Cristo pone gli apostoli tutti sullo stesso piano (Mt 23:8-11; 18:18; 19:27,28; 20:20-27; Lu 22:24-27; Gv 20:21-23; At 1:8), questo spiega come l’atteggiamento di Paolo nei confronti di Pietro sia incredibile alla luce della presunta supremazia di quest’ultimo. Paolo gli resistette in faccia (Ga 2:11-14), inoltre colloca Pietro in secondo ordine dopo Giacomo (a differenza di Matteo non è il primo), fratello del Signore (Ga 2:9). Sebbene non sia completo questo elenco dei personaggi più importanti nella chiesa a Gerusalemme, mostra che Paolo non riconosceva a Pietro un primato che spetta soltanto a Cristo: “è lui il principio, il primogenito dai morti, affinché in ogni cosa abbia il primato” (Cl 1:18).

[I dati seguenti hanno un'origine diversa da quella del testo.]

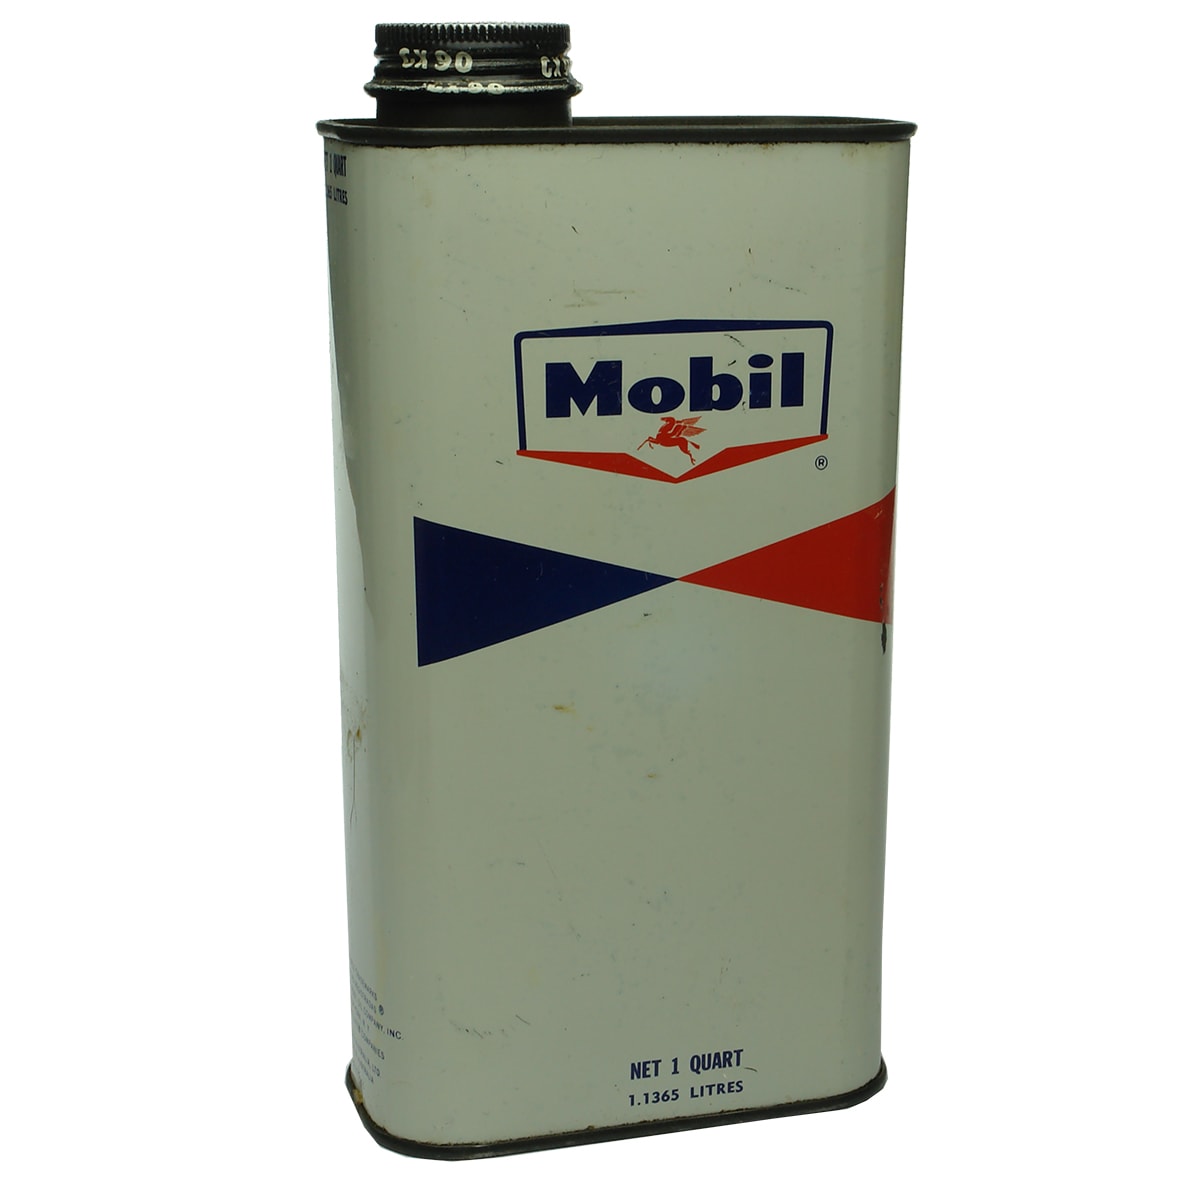 Oil Tin. Mobil. 1 Quart / 1.1365 Litres. Cap for GX 90 Hypoid Gear Oil.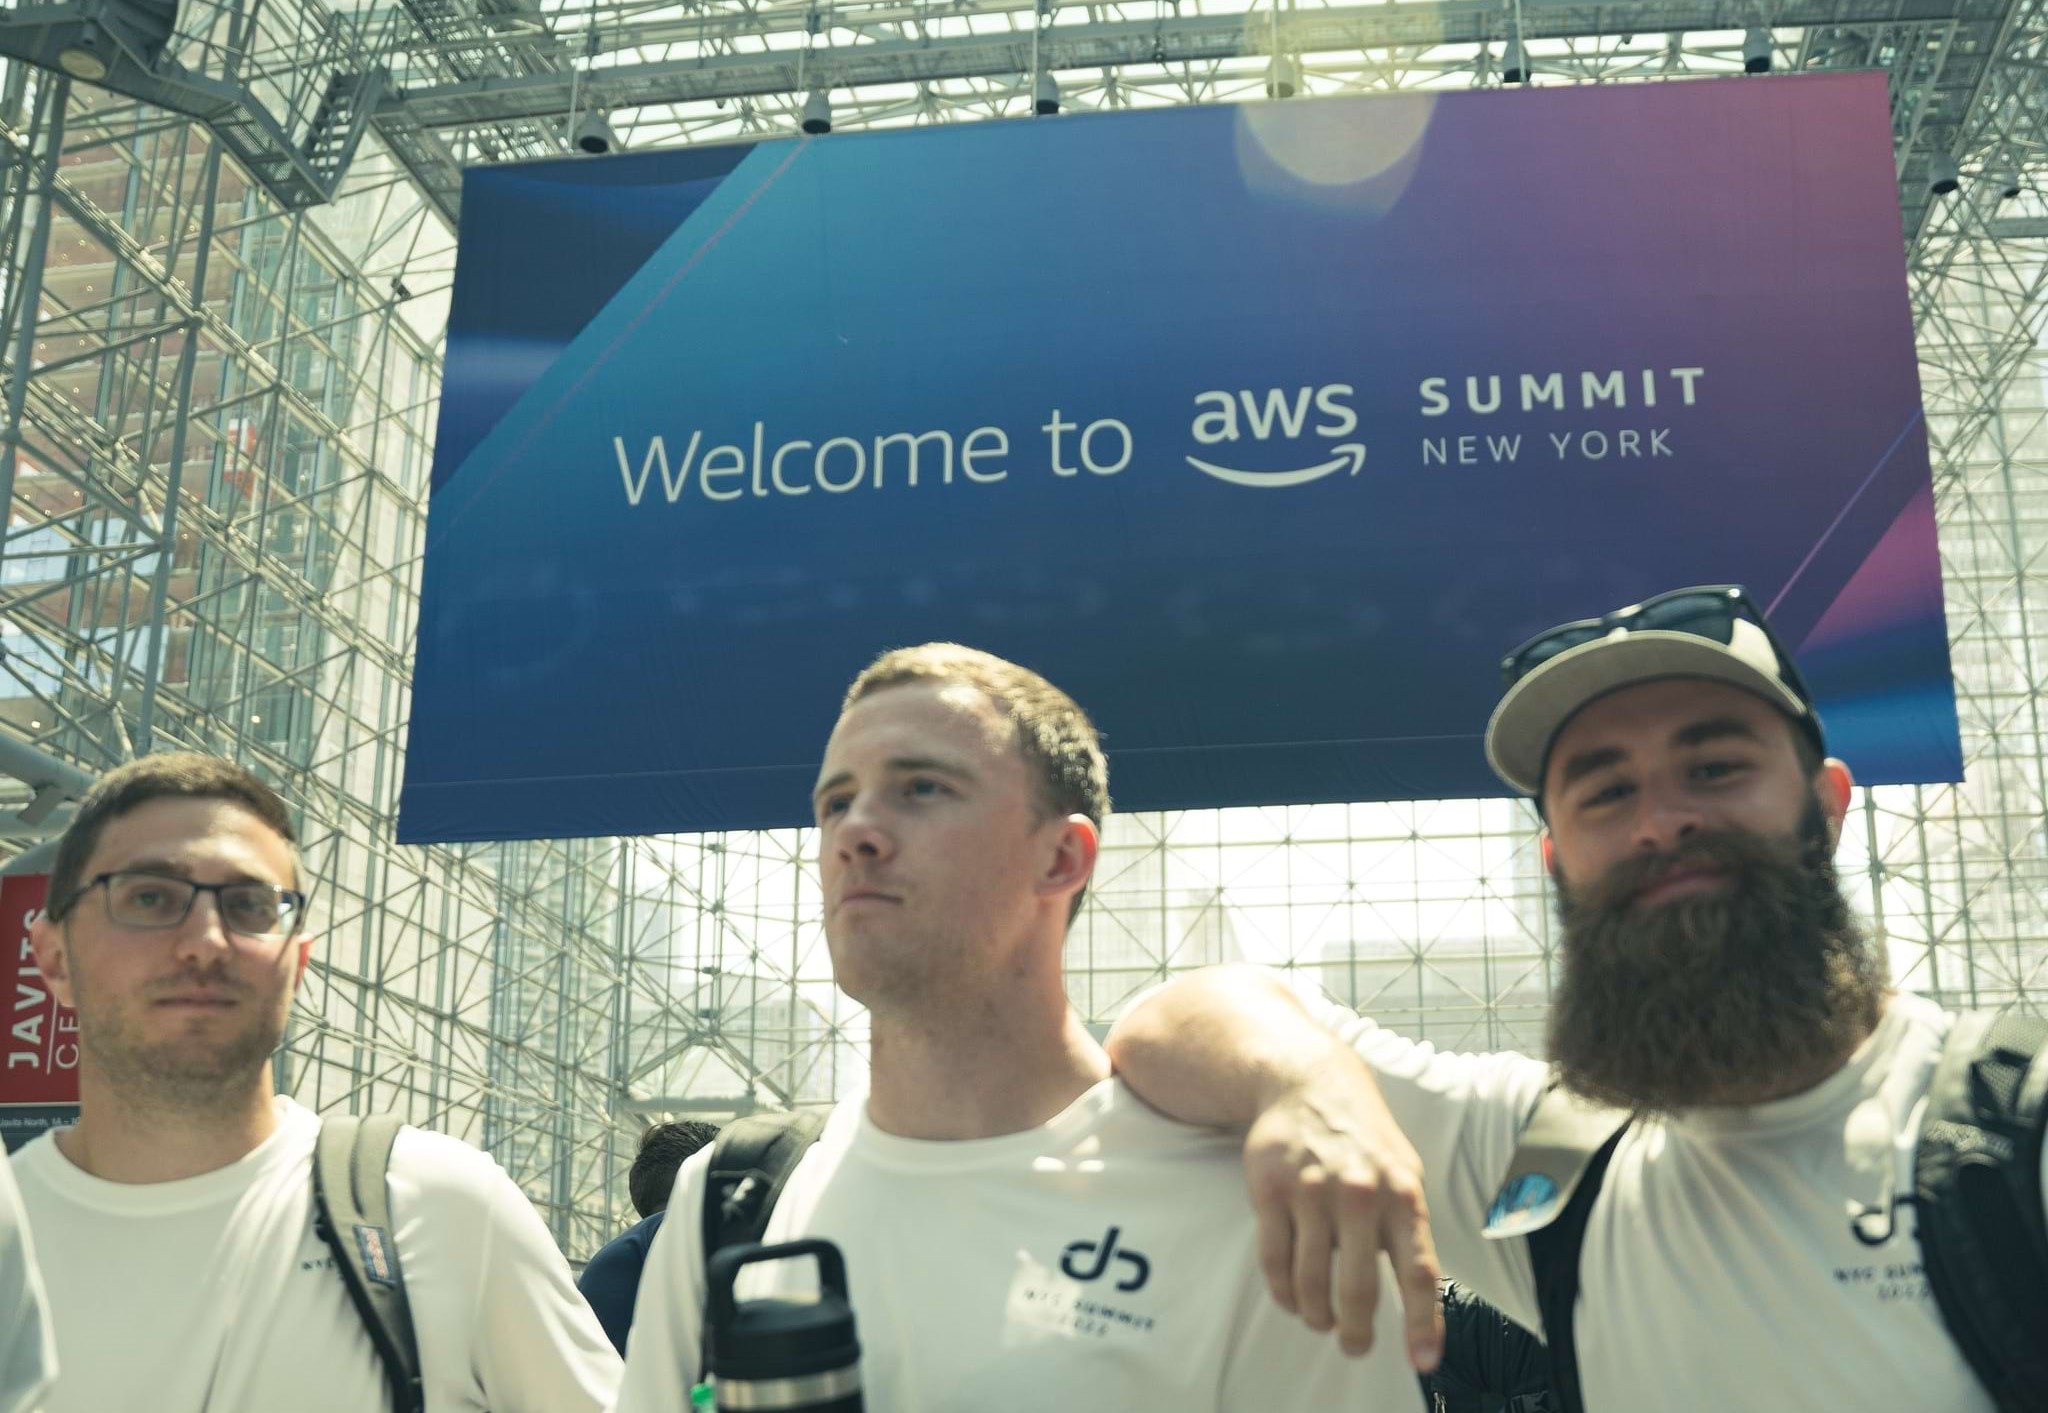 3 men in JG shirts under an AWS NYC Summit banner

Comunque, per non sbagliare, seguiamo il consiglio di Pietro stesso: “Accostandovi a lui, pietra vivente, rifiutata dagli uomini, ma davanti a Dio scelta e preziosa, anche voi, come pietre viventi, siete edificati per formare una casa spirituale, un sacerdozio santo, per offrire sacrifici spirituali, graditi a Dio per mezzo di Gesù Cristo” (1P 2:4-5).

Cristo è la pietra scelta e preziosa e chi vuole essere “una pietra vivente” e formare una “casa spirituale”, sa cosa fare!